C. Text the Starbucks next to the pilots’ lounge and order a venti Caffè Mocha, extra whip.
D. All of the above.
4. You are a National Park Superintendent. You have closed the park because the toilets are overflowing after all the staffing cuts. Screaming mobs of angry tourists are gathering at the main park gate, demanding entry and building a scaffold to hang you in effigy. What do you do?
A. Advise the mob that collecting wood, even fallen wood, for building the scaffold is a violation of park regulations.
B. Provide the mob with a clean park ranger uniform so the effigy is properly dressed for the occasion.
C. Grab a coffee from the gift shop and wish your favorite mocha syrup had not been cut from the budget.
D. All of the above.
5. You are an angry American voter.
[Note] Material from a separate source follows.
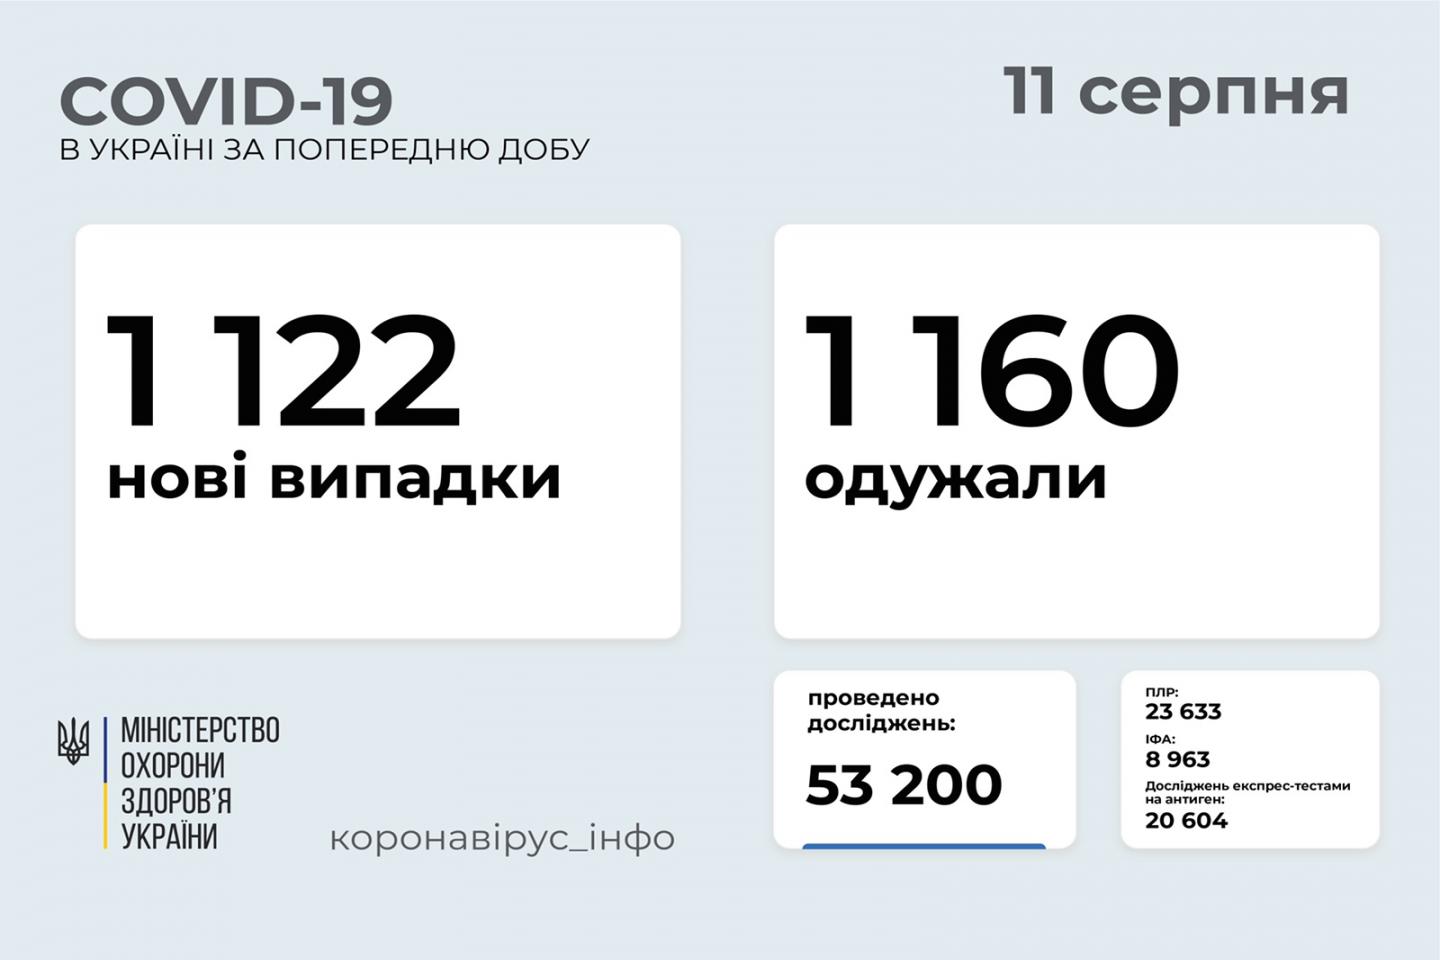 http://dunrada.gov.ua/uploadfile/archive_news/2021/08/11/2021-08-11_7751/images/images-28541.jpg

You and 77 million others re-elected an aged, narcissistic man-child to the presidency because you thought he wouldn’t really do the things he repeatedly pledged to do during his campaign, but he is, and for some reason this surprises you. What do you do?
A. Blame the Democrats for not doing a better job of getting out the vote.
B. Blame the Senate for not doing a better job of vetting his nominations.
C. Blame the media for not doing a better job of explaining that this would very likely happen.
D. All of the above.
Answer key
Questions 1-4
A. You are an independent thinker. No job for you here.
B. You are a do-gooder liberal. No job for you here
C. You are admirably well-caffeinated, but still, no job for you here. Try Starbucks.
D. You are an indecisive waffler. We can’t believe you even bothered to apply. No job for you here.
Question 5
A. While you show promise, no job for you here.
B. A fair assessment, but no job for you here.
C. A true but incomplete response, so no job for you here.
D. You’re hired! Grab your laptop bag and report to the nearest DOGE office for immediate indoctrination on how to uncover massive government waste.